Let’s be clear about this – Thomas may or may not have been abused (I’m leaning towards the ‘not’ side because she’s so incredibly dishonest), but she is undoubtedly a foolish woman using a discredited ‘publisher’ (PublishAmerica) to put out her books at a staggeringly high cost, and using the veil of ‘charitable fund raising’ to cover up the fact she’s a badly behaving author promoting in a rude and incredibly annoying manner. That people have made their irritation at her behaviour clear is not bullying. The fact her books have received negative reviews after she badgered people into reading and reviewing them, is not bullying. The fact people are shelving her books in a variety of ways indicating their extreme distaste for her behaviour, is not bullying.

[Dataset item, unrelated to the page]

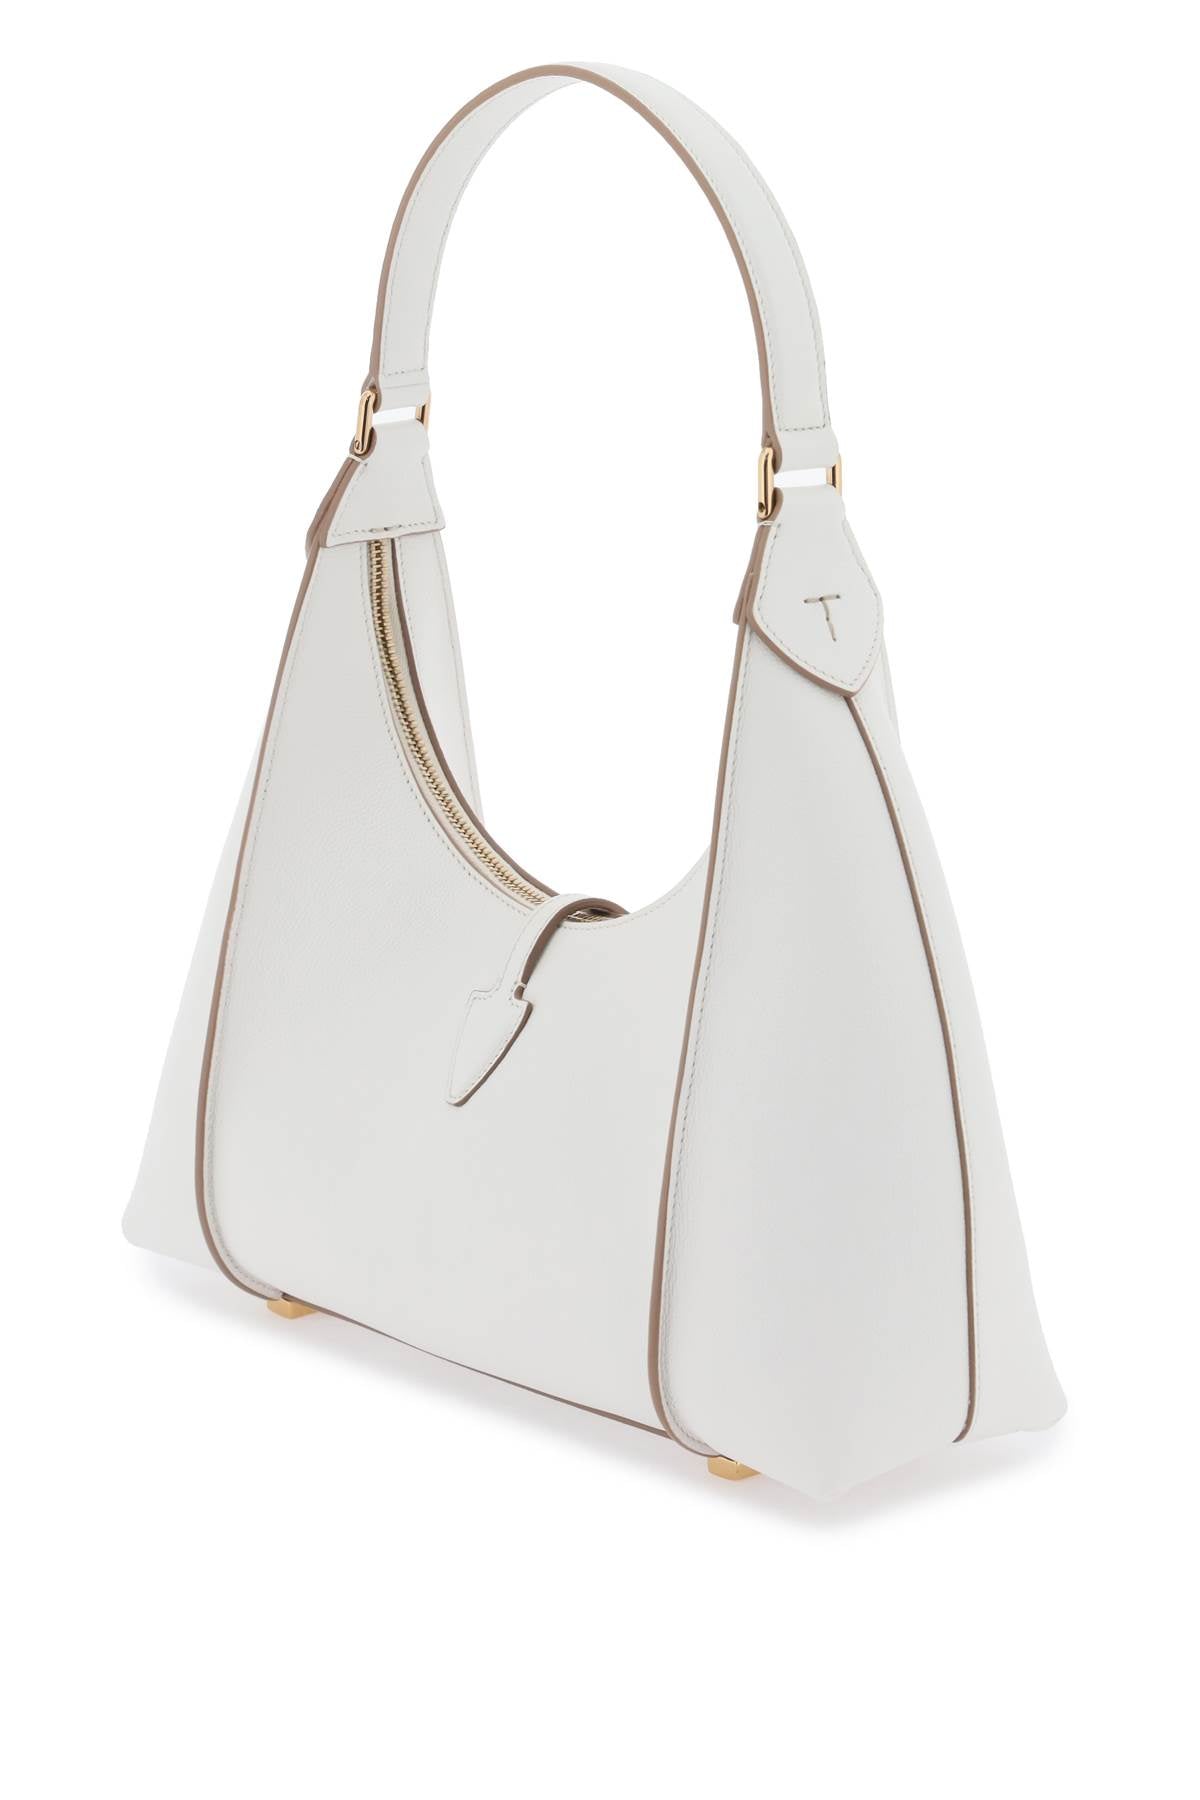 TOD'S Timeless White Calfskin Hobo Handbag with T-Shaped Metal Charm - Small 31x27x11cm

Even the fact that people have contacted the charities she claims to be supporting, alerting them to the fact she’s making them look bad by association, is not bullying. It’s part of being a public persona. The police would not be involved, and do not need to be involved. Ms Thomas is a crybaby and a liar, and really, even if she manages to make some small profit from her crappy books to give to a charity, the harm she does to the cause of anti-domestic violence is much greater. Wrapping herself in Reeva Steencamp’s bloodstained sheets while bleeting about bullying comments is repulsive in the extreme.
The commenters on AW should know better. Reviews are not bullying. An author has no requirement to read her reviews, or to respond to them, or take cognisance of them in any way even if she does see them. If you look at the listings for Lindira and the new Remastering Jerna kindle edition on Amazon, you will see reviews which are nasty and ignorant, written by ignorant nasty men trying to get my goat. Unpleasant? Yes. Bullying, no. I don’t have to look at the reviews, and I won’t. I don’t have to look at Goodreads. I don’t have to follow links back from my referrer stats.
If I choose to do so, and get upset, then I do that in the knowledge that I had a choice not to look at this crap. Unless the ignorant, tiny-dicked men behind those reviews turn up on my doorstep, I am not threatened. I can walk away. I have the power. They have no power over me. Bullying is about inescapability, about power differentials. In an internet interaction I am equal to any of these trolls, just as Eve Thomas is to any of the people commenting on her books. She can walk away. She chooses not to. She’s a fool, not the victim of bullying. People are nasty about her because she’s being a heinous bitch. She needs to climb down off the styrofoam cross and realise in this instance, the victimisation is all being carried out by herself.
Bullying is real. Domestic abuse is a dreadful, serious issue. Harrassment online is also a serious issue. But accepting responsibility for one’s own actions, especially one’s own fuckups, is part of being an adult and fully functioning member of society. At some point, the Eve Thomases of the world need to realise that.